Depois de um momento
notamos que ali éramos só mais dois clientes. Certa vez, quando
íamos pagar notamos que havia uma fila com mais dois casais
(héteros) esperando para pagar também, eles nos olharam e nada
disseram. Eles olharam, simplesmente olharam, uma senhora ficou com
vergonha, mas os outros só olharam. Olharam como quem olha para um
desconhecido na rua, olharam como quem olha para uma vitrine de loja.
Aqueles olhares falaram muito. Eles não nos julgavam, eles não nos
ignoravam.

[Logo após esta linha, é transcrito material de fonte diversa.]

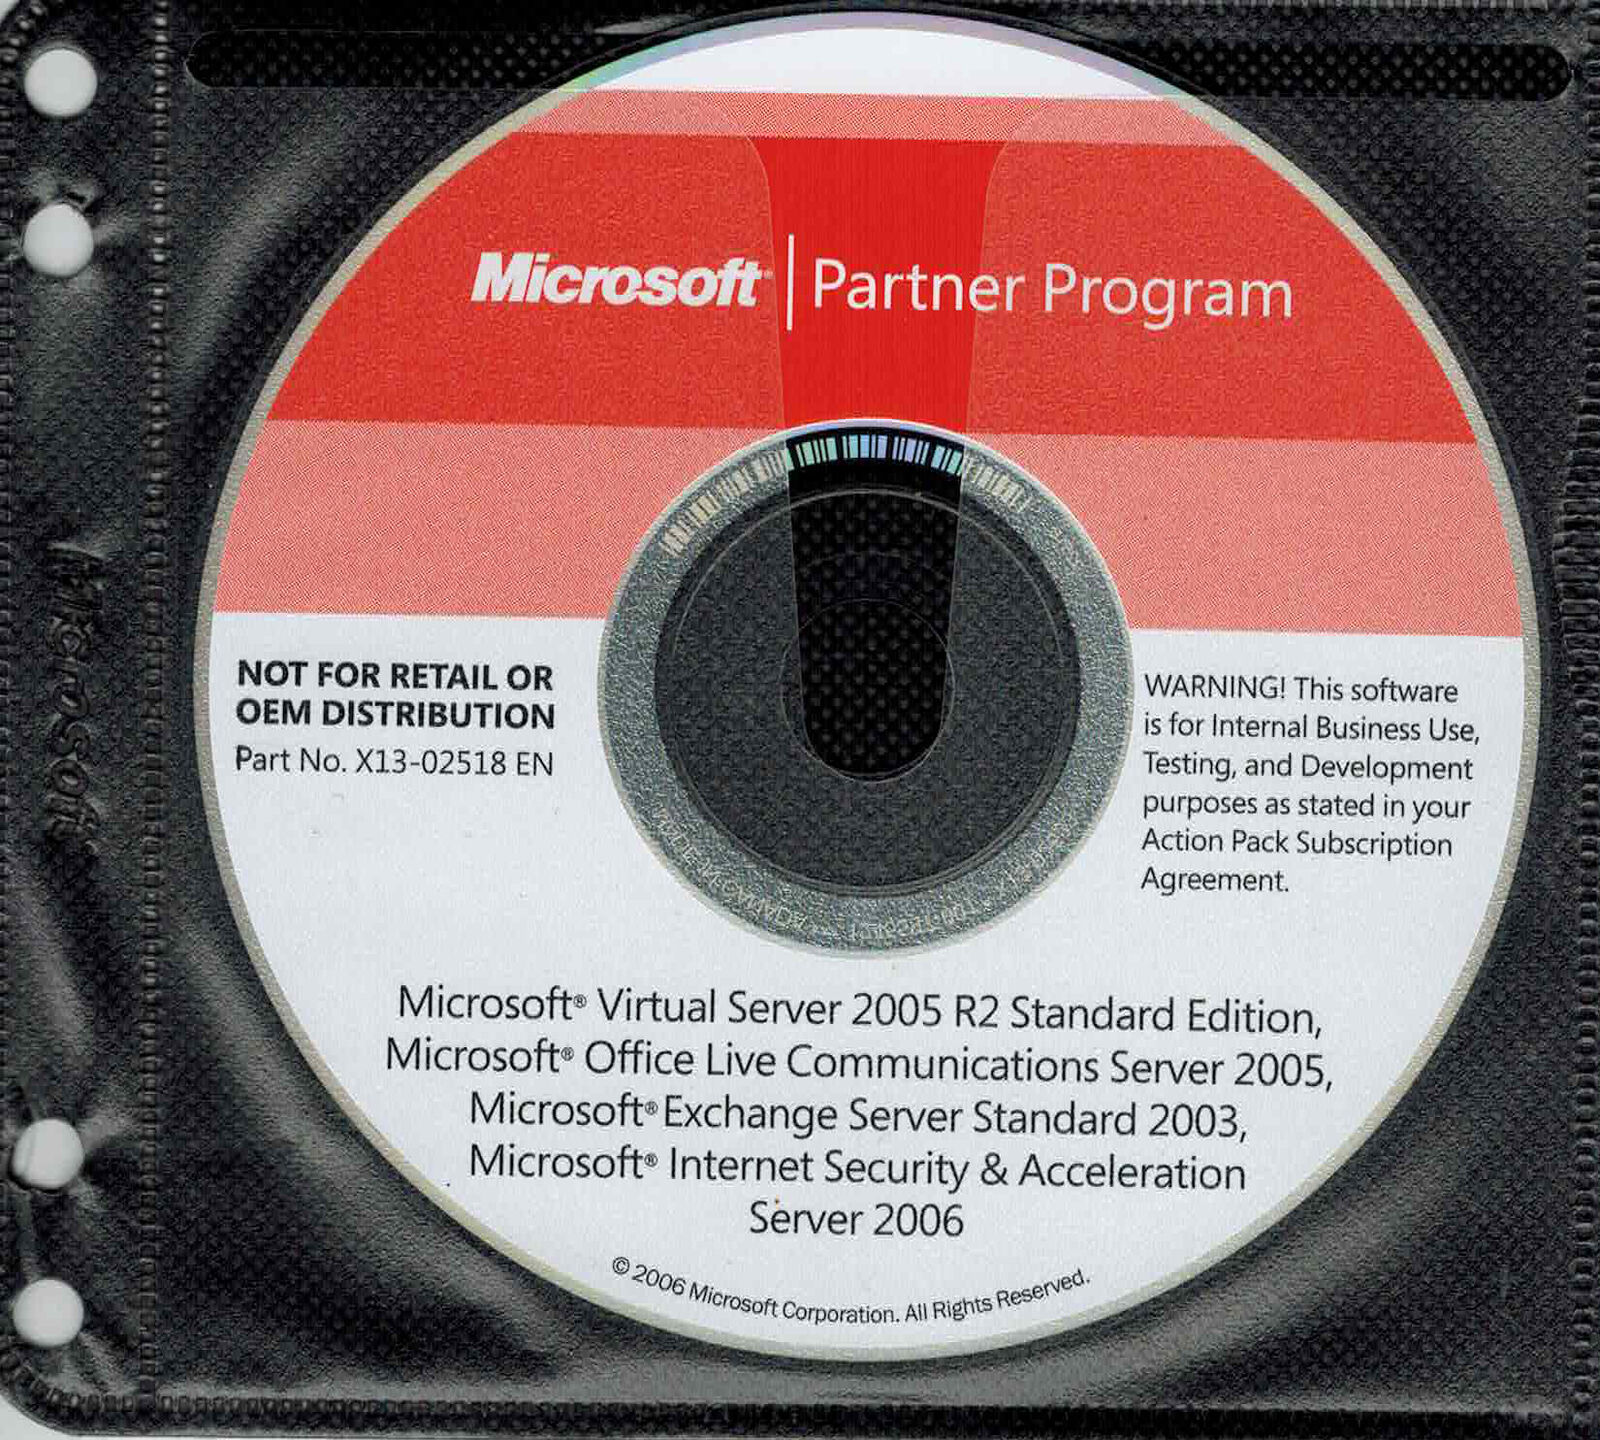 Microsoft isa server 2006 standard internet security 1 cpu.

Eles sabiam que estávamos ali, eles sabiam para o que
estávamos ali, eles sabiam que éramos um casal gay, mas não nos
categorizaram.
Os dois homens
tinham traços rudes, traços de homens “brutos”, que tiveram que
virar homem muito cedo. Provavelmente, cheio de preconceitos (como
todos nós somos), mas que naquele momento nos viram somente como
outros seres humanos. Nunca esqueço aqueles olhares.
Ali era o nosso
paraíso. Eu podia ser quem eu era, ele podia ser quem ele era.
Naquele lugar, nossos corpos se tornavam um só. As vezes em meio a
dor. As vezes em meio ao descontentamento. Naquele lugar, comemoramos
alegrias. Naquele lugar gozamos. Ele me sentia por completo, ao tempo
em que eu o sentia por completo.
Aquelas paredes já
faziam parte de nossa intimidade. O chuveiro, a pia, a mesinha, a
cadeira, a televisão, o cheiro de alcool… tudo compunha o quadro
de nossa relação.
…
O tempo passou, tudo
acabou, mas o “1001 Noites” continua lá. Nunca mais entrei
naquele motel. Nunca mais me permiti reviver todas as sensações que
aquele lugar guarda. Nunca mais.
O que ficou foi a
lembrança daqueles olhares.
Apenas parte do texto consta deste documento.